Qué ver en Nueva Zelanda: Los 10 imprescindibles



Cuando un Peter Jackson adolescente leyó por primera vez El Señor de los Anillos, supo que algún día llevaría el cine al mundo y los personajes que le habían maravillado para siempre. En su imaginación, los parajes de la Tierra Media de los que hablaba Tolkien en su mítica obra se parecían a los que le ofrecía su país, Nueva Zelanda.Y es que Nueva Zelanda es uno de los países más completos y bellos de la Tierra

Montañas, ríos, volcanes, océano, praderas, fiordos, glaciares, playas solitarias, granjas, etc. Si eres un amante de la naturaleza este país puede atraparte para siempre.Es difícil elegir entre tantos atractivos pero en Rumbo hemos creado, subjetivamente, una lista de las 10 mejores cosas que hacer o ver en Nueva Zelanda.

1.-Visitar Auckland

Auckland, situada en la isla norte, llamada la ciudad de los veleros.
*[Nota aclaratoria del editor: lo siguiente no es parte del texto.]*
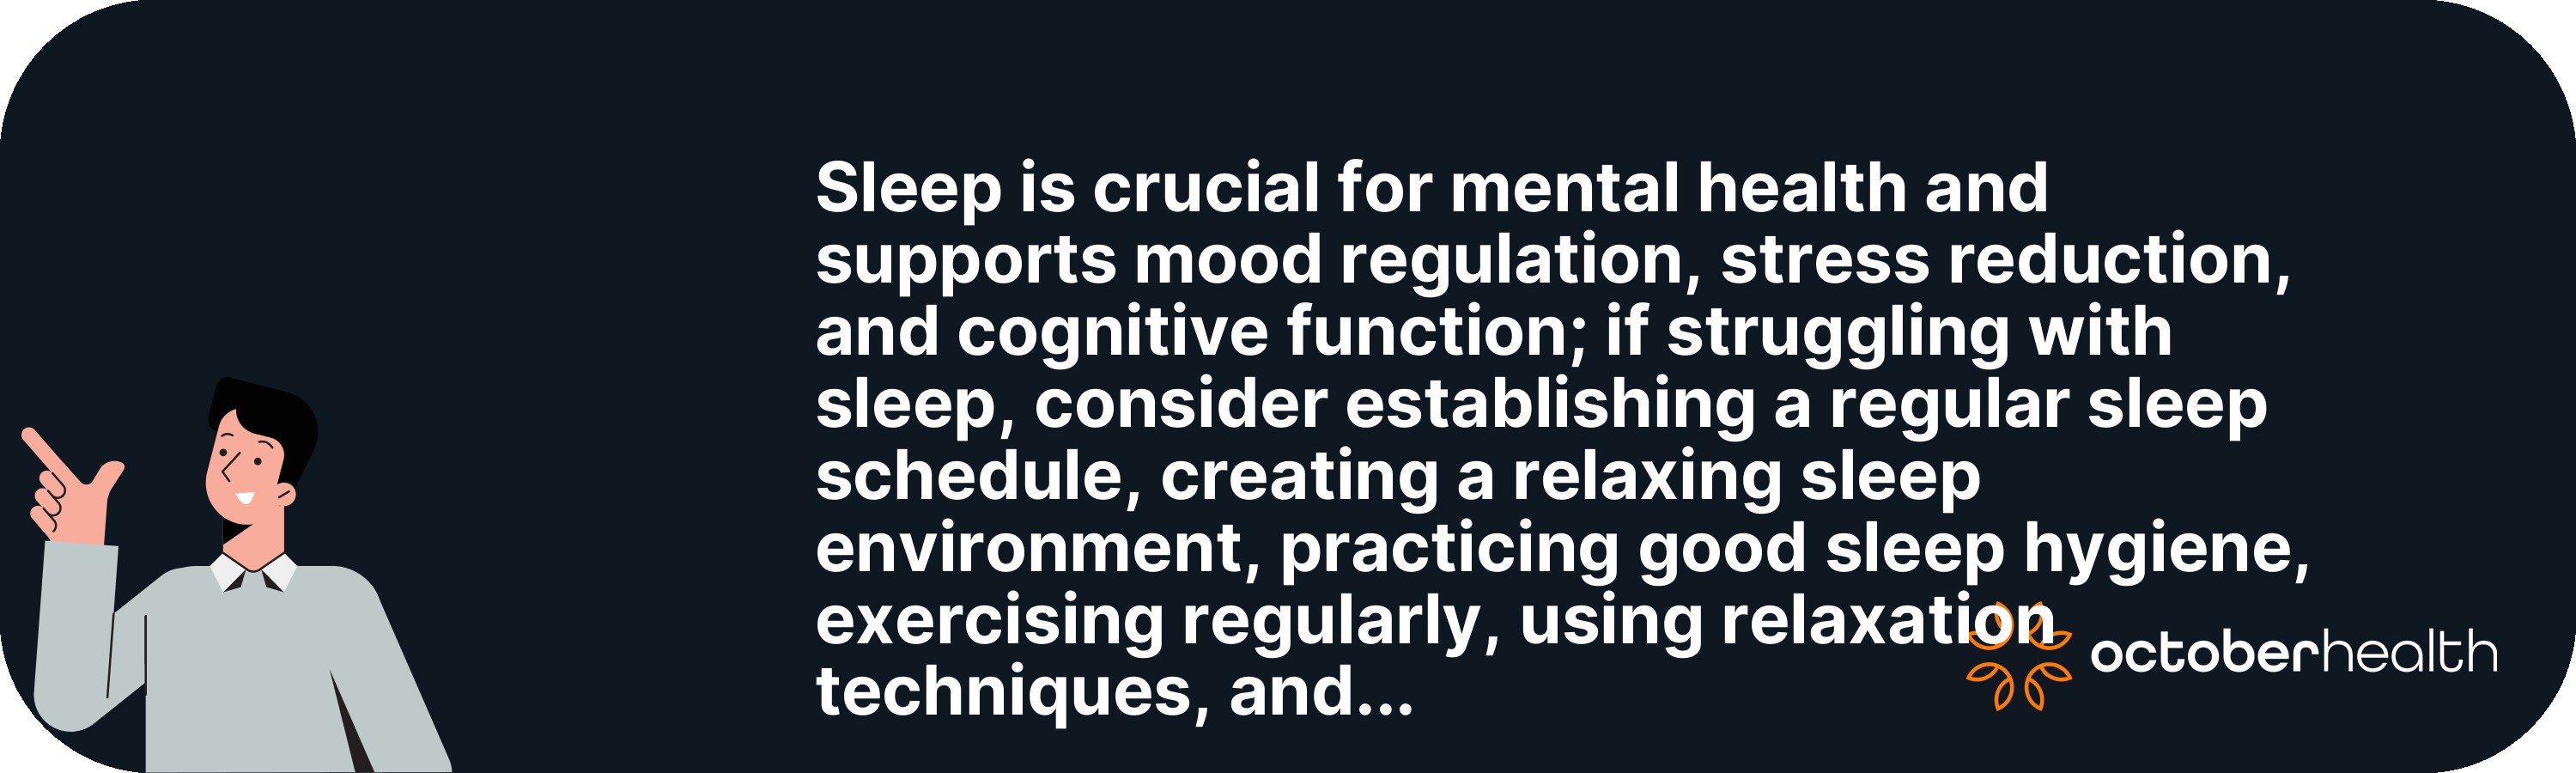 Sleep is crucial for mental health...

Suele ser el punto de entrada para la mayoría de viajeros a Nueva Zelanda. Auckland no es una ciudad al estilo europeo, con sus monumentos, centros históricos centenarios y demás. No. Auckland es moderna, cosmopolita y vibrante. Sus calles están llenas de brasileños, argentinos, coreanos, indios, australianos, griegos, mejicanos… E incluso algún neozelandés.

Disfruta de la gran cantidad de restaurantes y bares variados, pasea por el muelle del puerto, sube a la Sky Tower o visita los viñedos de las afueras.Una ciudad fácil de vivir y donde divertirte sólo depende de ti.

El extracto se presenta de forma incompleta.